If Congress or President Trump move forward with Pompeo’s report, Hong Kong’s special status will go away. Sanctions and tariffs imposed on China will also be imposed on Hong Kong. The cities and China’s economy will suffer. International divestment from China will likely speed up, as foreign companies operating through Hong Kong are at greater risk of arbitrary treatment by the communists. The pro-Beijing South China Morning Post:
Under the Hong Kong Human Rights and Democracy Act passed by the US Congress last year, the administration must decide annually whether governance of Hong Kong is suitably distinct from China.
Options available to the administration – which may in part depend on Beijing’s reaction, analysts said – include higher trade tariffs, tougher investment rules, asset freezes and more onerous visa rules.
Individuals who violate the human rights of Hong Kong can also be targeted for sanctions individually, according to the summary of the law.
The State Department shall notify Congress if any proposed or enacted law in Hong Kong negatively impacts U.S. interests, including by putting U.S. citizens at risk of rendition to China.
The President shall impose property and visa-blocking sanctions on foreign persons responsible for gross human rights violations in Hong Kong.
A predictable left-of-center reaction foreshadows the political discussion to come in the U.S.:
“I believe that this will hurt Hong Kong people in myriad ways,” said Richard Bush, a fellow with the Brookings Institution and author of Hong Kong in the Shadow of China: Living with the Leviathan. “Among other things, it will confirm the People’s Republic of China view that the US wants to undermine its rule of Hong Kong.”

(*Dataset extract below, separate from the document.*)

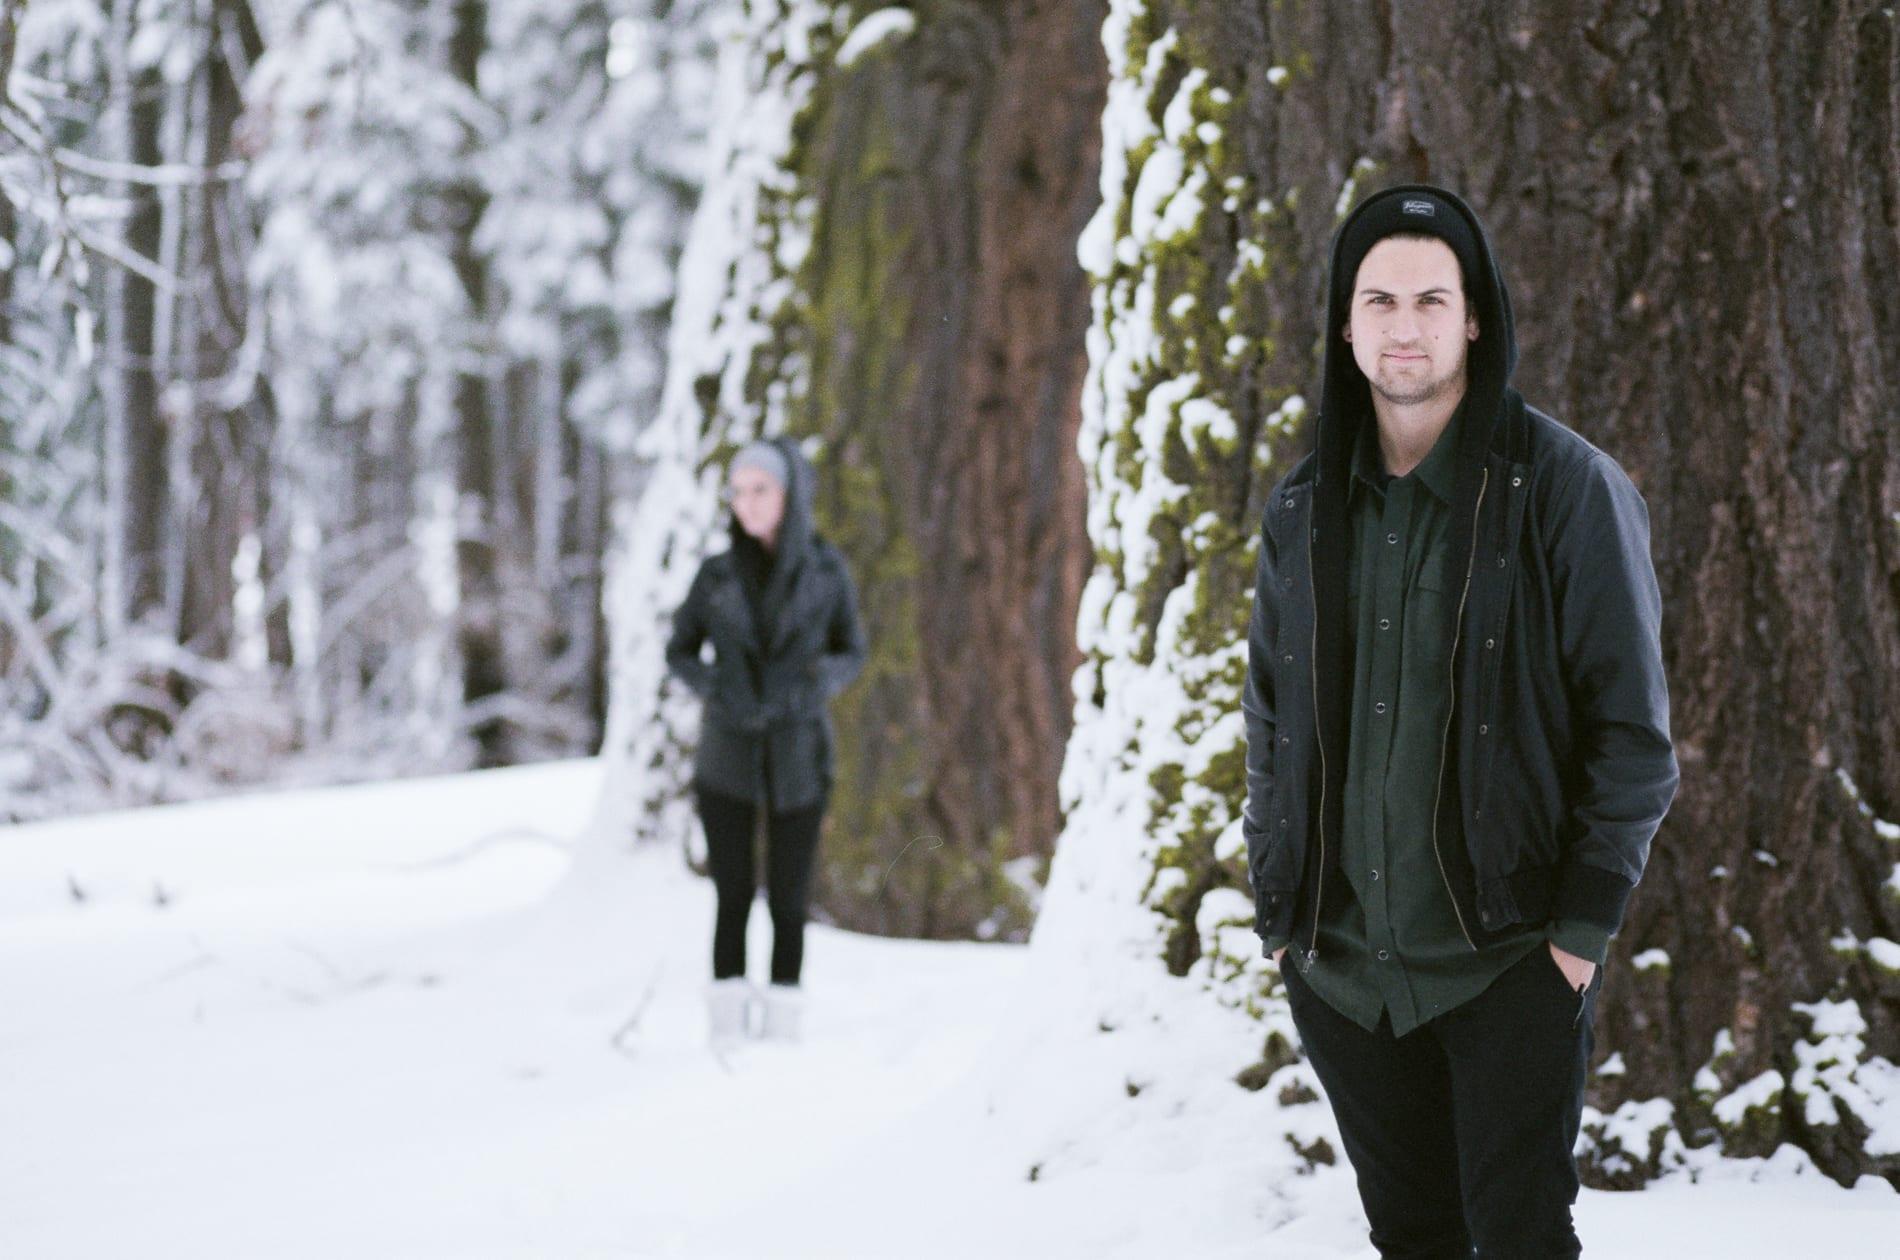 mt-lassen-winter-snow-couples-photo-21

Beijing has spent the past 17 months undermining Hong Kong’s special status. The United States has consistently reacted and condemned China’s actions. Bush’s comment may as well have come from the Chinese foreign ministry. The United States has an obligation to respond if that status becomes a fiction. Hundreds of American companies operate in and through Hong Kong. It is one of the world’s financial hubs.
The next move is China’s to make.
Xi met with the heads of the People’s Liberation Army this week and told them to “scale up battle preparedness.”